Pretty much every time this happened, the voltage level on the next sample was lower and a fix was acquired on that run–leading to these vampire teeth. This makes sense, looking at that discharge profile for the L91s above, as the sleep draw when GPS is held on is in the tens of mA, rather then (sub)single digit, so the voltage is reacting to this increased usage.
In order to keep this from happening, the modules were remotely updated–around the 120, and then 250, marks–to increase the fix acquisition timeout, leading to better acquisition and less overall current usage (and hence, less vampire teeth).

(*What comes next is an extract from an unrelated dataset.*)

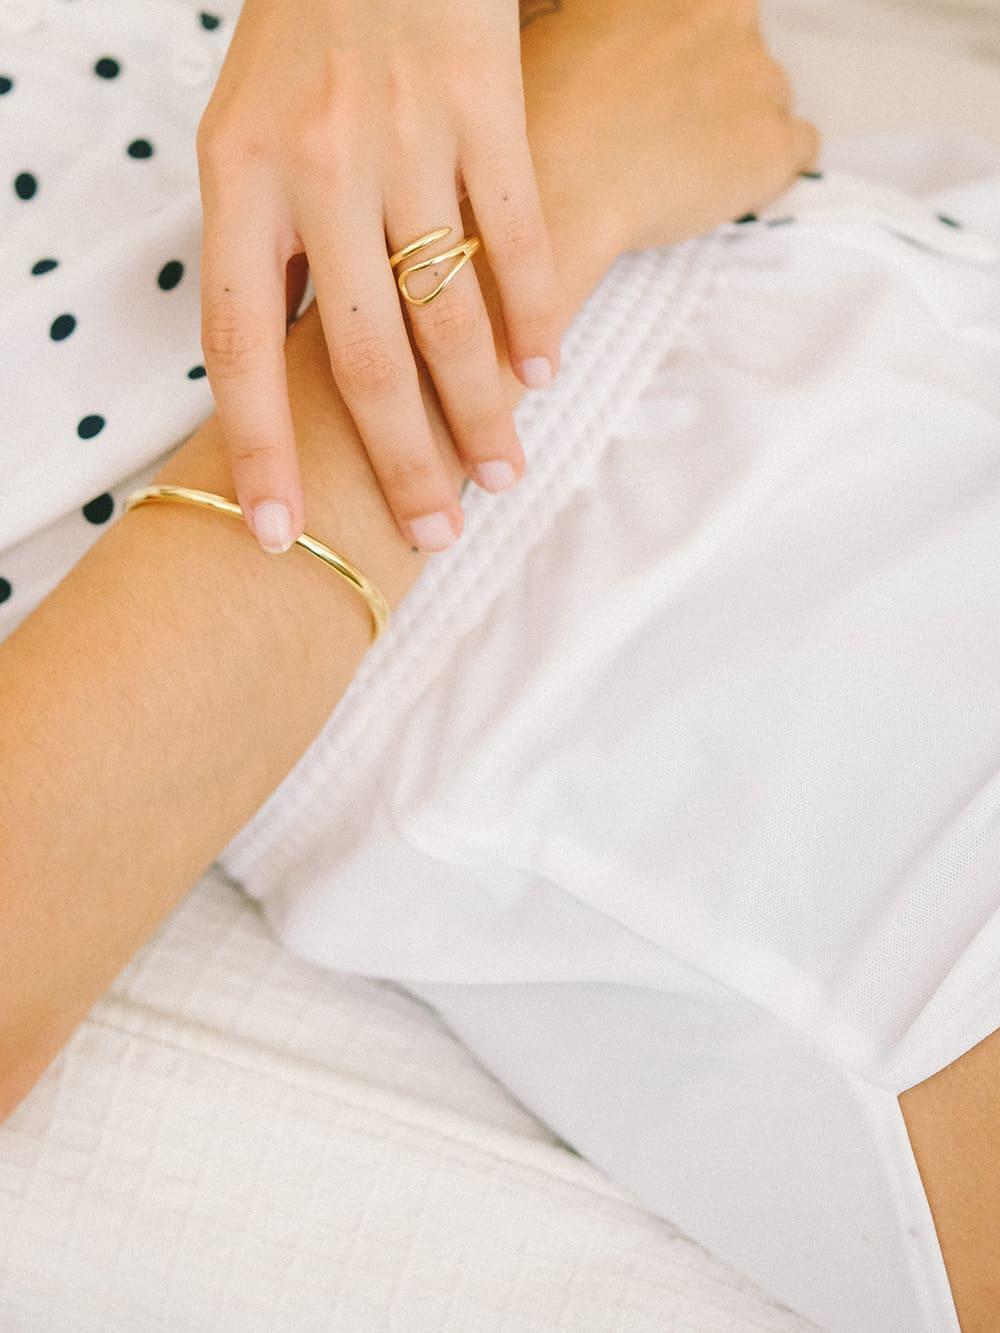 anillo de oro 18k para mjer con forma de aguja, joyas para regalar, anillos de plata para regalo, joyas marteliè barcelona, joyasmarket

You can also see these periodic spiky upswings, every ~100 samples. These are warm/sunny days, affecting the battery chemistry and resulting voltage.
Notice the missing spike around the 900 mark? This is what the modules looked like on that day:
I actually let them get fully covered in snow that day, and only cleared out the tops the next day to let them warm up again.
So you can pretty much tell what the weather is like based on the variations in the battery pack voltage.
Though the Earth sheds a tear every time I buy a disposable battery, in a pinch like this, or for devices with very long sleep times and only occasional wakes, these L91 batteries seem to live up to their specs and go beyond my expectations.
The combination of:
- super long shelf life;
- drain- and temperature-independent capacity; and
- steady voltage under discharge
means they’re quite well suited to IoT that stays dormant for long periods and then has sudden bursts of high current use.
Had I known how well they would perform, I would have started with a single 3-series AA pack in the hopes of being able to profile it’s death. As it stands, I’ll try to leave the module running until it peters out and post an update but it looks like I may have to bring it in before that happens.